FusionSeg: Learning to combine motion and appearance for fully automatic segmention of generic objects in videos

Published 19 Jan 2017 in cs.CV | (1701.05384v2)

Abstract: We propose an end-to-end learning framework for segmenting generic objects in videos. Our method learns to combine appearance and motion information to produce pixel level segmentation masks for all prominent objects in videos. We formulate this task as a structured prediction problem and design a two-stream fully convolutional neural network which fuses together motion and appearance in a unified framework. Since large-scale video datasets with pixel level segmentations are problematic, we show how to bootstrap weakly annotated videos together with existing image recognition datasets for training. Through experiments on three challenging video segmentation benchmarks, our method substantially improves the state-of-the-art for segmenting generic (unseen) objects. Code and pre-trained models are available on the project website.

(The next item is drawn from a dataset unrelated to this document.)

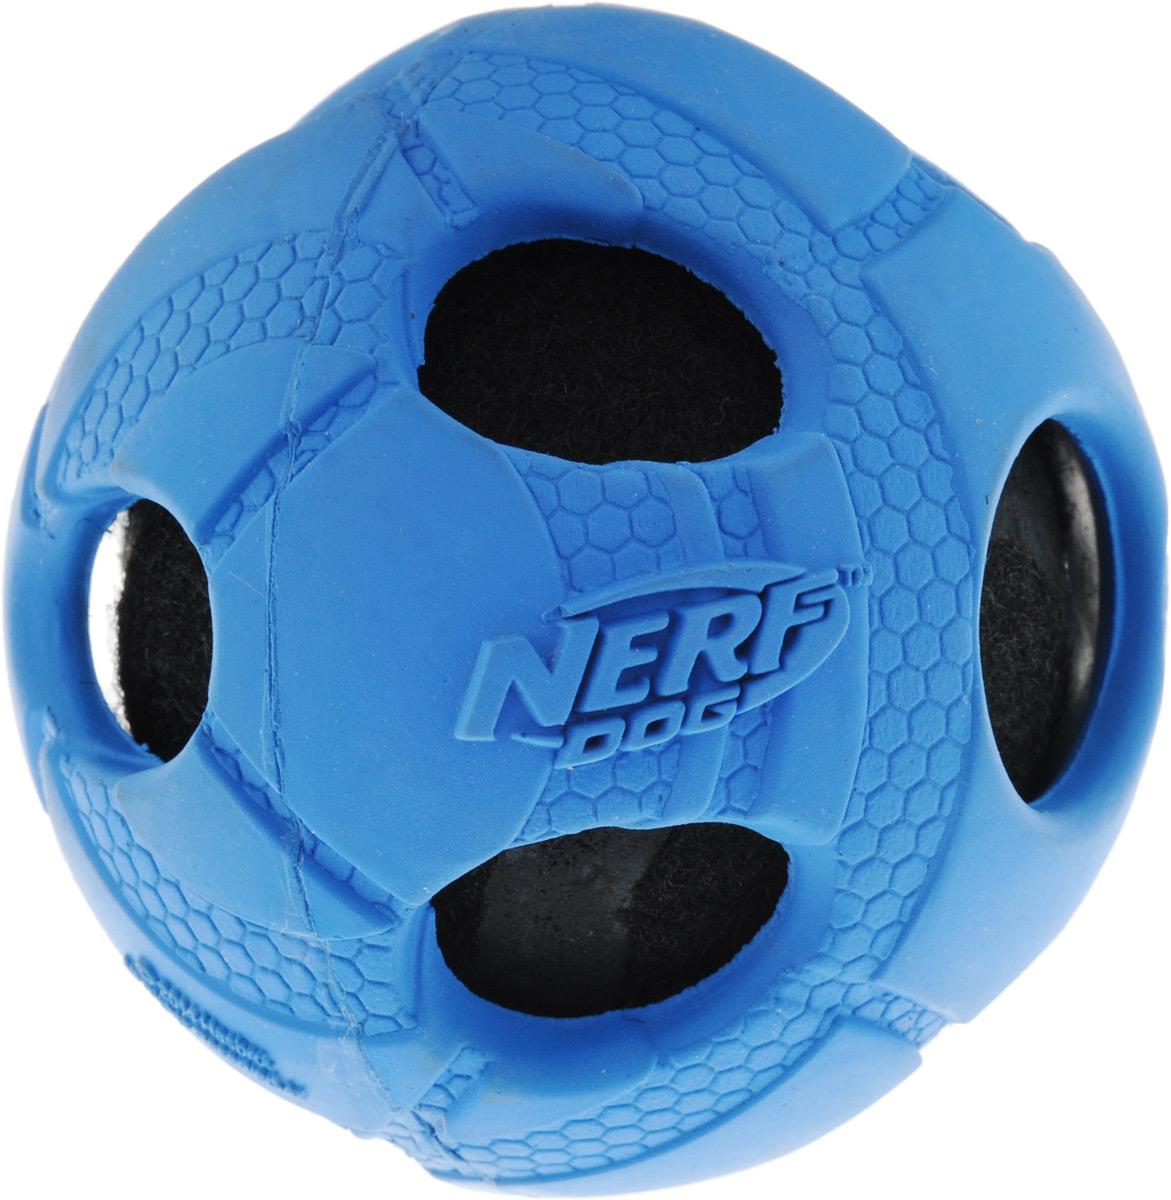 Игрушка для собак Nerf Мяч с отверстиями, цвет: синий, черный, 6 см75400Игрушка для собак Nerf Мяч с отверстиями выполнена из прочной резины с теннисным мячом внутри. Внутренний мяч пищит при нажатии. Такая игрушка порадует вашего любимца, а вам доставит массу приятных эмоций, ведь наблюдать за игрой всегда интересно и приятно. Диаметр игрушки: 6 см.

Abstract PDF Upgrade to Chat

Authors (3)

Citations (371)

View on Semantic Scholar

Summary

The paper introduces a two-stream network that combines RGB and optical flow data for fully automatic segmentation of video objects.
It leverages bootstrapped training with pseudo-labels from existing datasets to overcome limited pixel-level supervision.
Evaluations on DAVIS, YouTube-Objects, and Segtrack-v2 show that its fusion strategy significantly outperforms state-of-the-art methods.

Overview of FusionSeg: An End-to-End Framework for Video Object Segmentation

The paper "FusionSeg: Learning to combine motion and appearance for fully automatic segmentation of generic objects in videos" presents a deep learning-based approach to tackle the challenge of segmenting generic objects in video frames. This task involves producing pixel-wise masks for objects, regardless of their category, within the video context. The proposed approach combines both appearance and motion information using a two-stream fully convolutional neural network. This combination is achieved by integrating optical flow and RGB data to leverage their respective strengths for improved segmentation outcomes.

Methodology

The authors introduce a novel framework that consists of the following key components:

Two-Stream Network Architecture: The network is divided into two parallel streams: one handling appearance (RGB images) and the other handling motion (optical flow). The streams are subsequently fused to achieve robust segmentation results. The architecture is based on modifying the ResNet-101 model to enhance feature resolution and include multi-resolution layers to accommodate varying object sizes.
Bootstrapping Training Data: Training deep networks requires substantial labeled data, which is scarce for video object segmentation at the pixel level. The authors address this by generating pseudo-labels by leveraging existing image segmentation datasets and weakly labeled videos from ImageNet-Video. An intensive filtering approach is applied to ensure high-quality training samples, which includes bounding box tests and optical flow analysis to verify spatio-temporal coherence.
Fusion Strategy: To achieve an effective combination of appearance and motion cues, the model implements a fusion mechanism after each individual stream's processing. This involves three branches: leveraging appearance data, motion data, and synergistically, the combination of both via element-wise operations. The final prediction is determined by the supremum among these branches, which allows the framework to capitalize on complementary strengths of appearance and motion data.

Experimental Evaluation

The authors evaluate FusionSeg on three notable datasets: DAVIS, YouTube-Objects, and Segtrack-v2. The results indicate that the joint fusion model outperforms both appearance-only and motion-only approaches, achieving significant improvements over the state-of-the-art in fully automatic segmentation tasks. Additionally, the model shows competitive performance against semi-supervised methods, which require human intervention for accuracy.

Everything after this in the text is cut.